Beyond sculptural installation, I think Alemani was right to include a relatively small but largely judicious selection of video works. Ali Cherri’s Of Men and Gods and Mud (2022) is a three-screen installation in the Arsenale, with documentary footage of brick-making in Sudan and a narration that conjures myths and the inextricable connection between the earth, people and belief systems. Nan Goldin’s Sirens (2019-20) is the pick of the videos in the Giardini—Goldin reflects on the story of Donyale Luna, the Black model and actress who died young of a heroin overdose, through a delirious yet mournful mashup of found footage of Luna and other dreamily intoxicated figures.
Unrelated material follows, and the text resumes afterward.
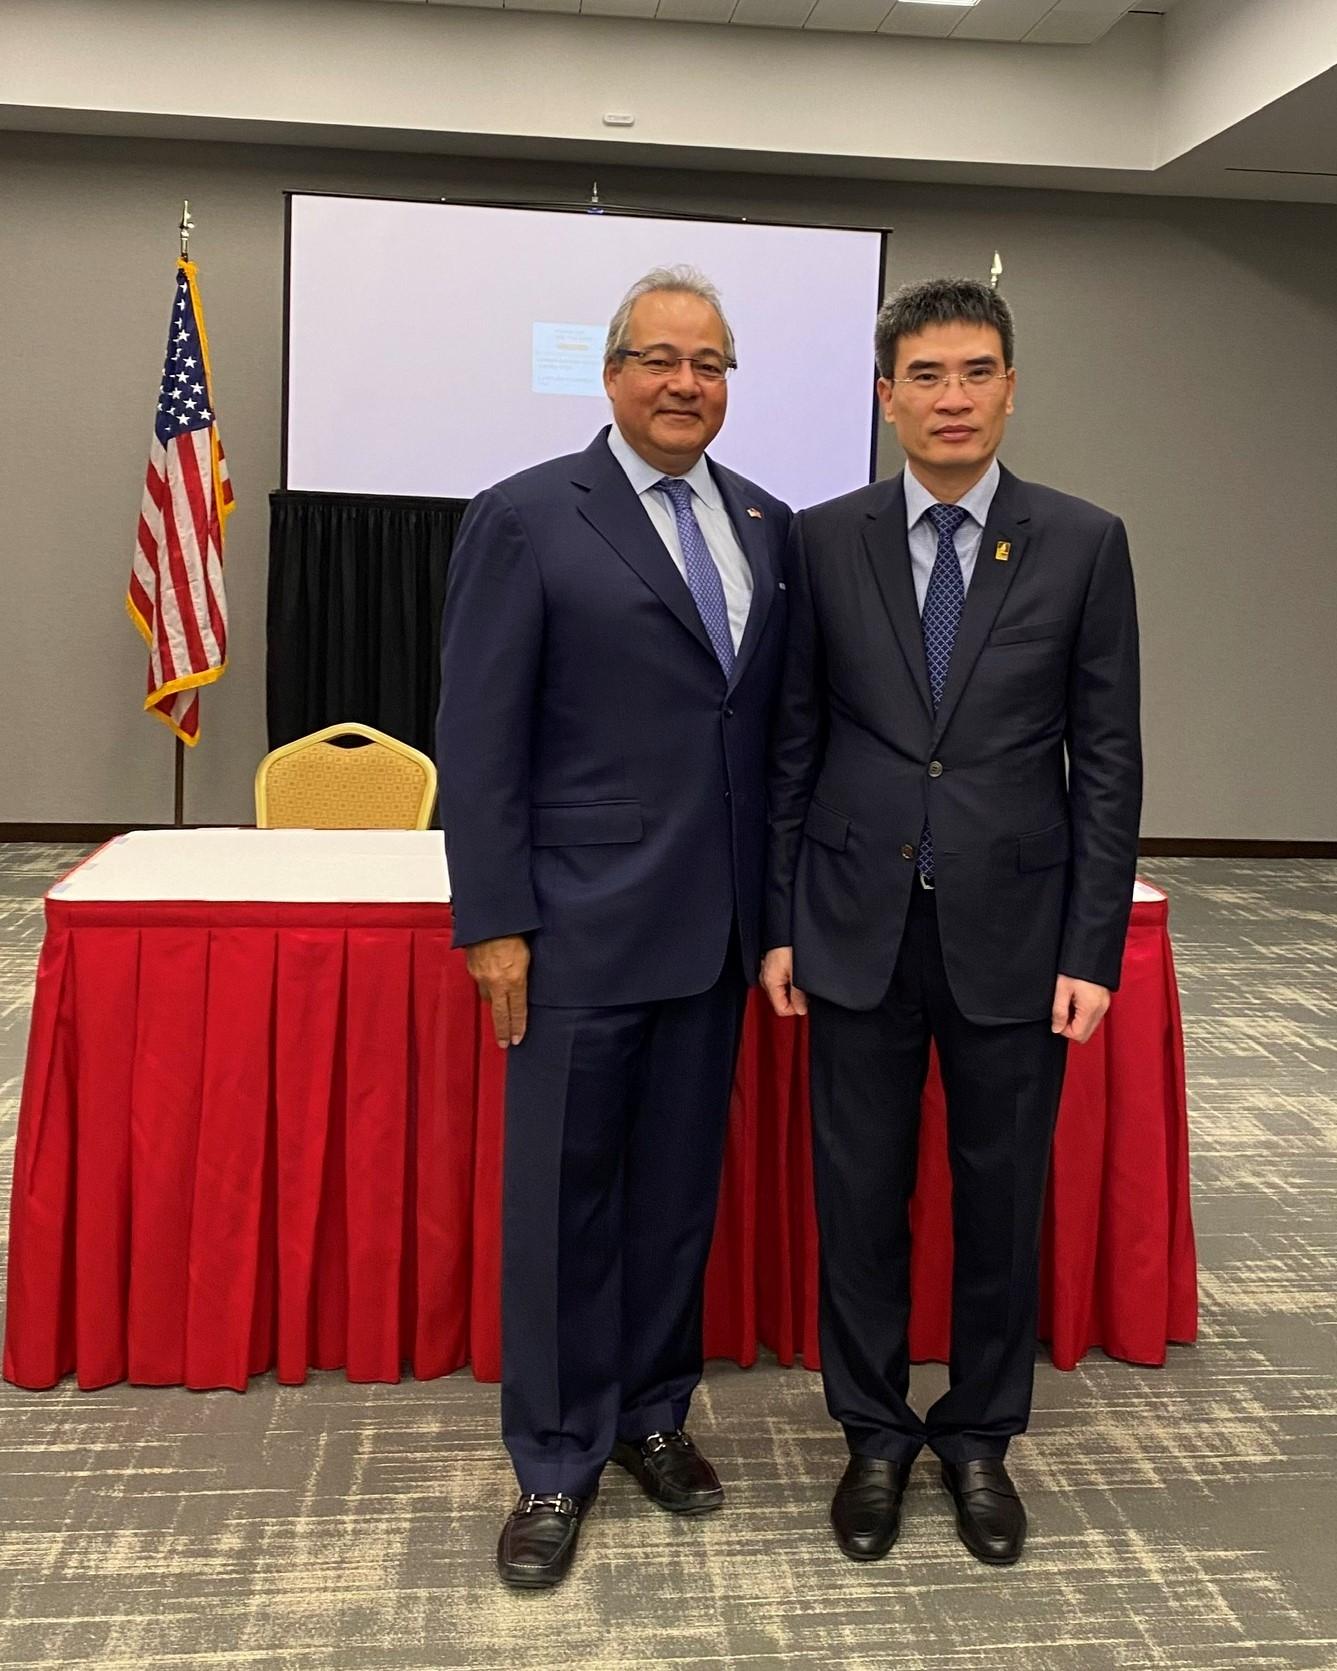 Ông Dương Mạnh Sơn – Phụ trách Hội đồng Quản trị, Tổng Giám đốc PV GAS và Ông Bernerd Da Santos - Phó Chủ tịch Thường trực kiêm Giám đốc điều hành AES khẳng định quyết tâm hợp tác song phương cùng phát triển.

Mrinalini Mukherjee’s hemp figures Photo: Marco Cappelletti; Courtesy of La Biennale di Venezia

Alemani shows a profound understanding of the limits and possibilities of her two sites: the Arsenale more polyphonic between big set-pieces and the Giardini as the zone for stimulating pairings and trios. The late Indian artist Mrininalini Mukherjee’s hemp figures, the post-Surrealist paintings and flotsam-and-jetsam sculptures by Cecilia Vicuña and the landscape-figure-microbiological paintings of Merikokeb Berhanu is one of many stand-out groupings. Another set brings together the ever-impressive morphing figurations of Christina Quarles, the tallon-and-membrane spookiness of Hannah Levy’s sculptures, and the hugely moving final works of Kaari Upson, who died last year. Her 3D modelled relief portraits (perhaps self-portraits?) are covered in fields of urethane, resins and pigments, so that the facial image either lurks behind the veils of colour or appears to retreat into nothingness.

Quietly, there is a survey across the Giardini of seriously playful painters of the same generation who seemed to unearth new depths in their medium, and continue to today—Amy Sillman, Charline von Heyl and Jacqueline Humphries all show hugely impressive works. Allison Katz, who was taught by both Sillman and Von Heyl, mines her own furrow with great humour, precision and mystery in five paintings (with knowing nods to Venetian themes) in the Arsenale.

The sheer coherence of Alemani’s show is evident in the way that the works talk to each other not just in the same room, or between the capsules and the contemporary spaces, but between the Giardini and Arsenale. It is a show of ripples and resonances, one that honours its artists by letting them dictate its paths, while providing a perfectly judged structure to allow their thoughts to percolate, and their imaginations to soar.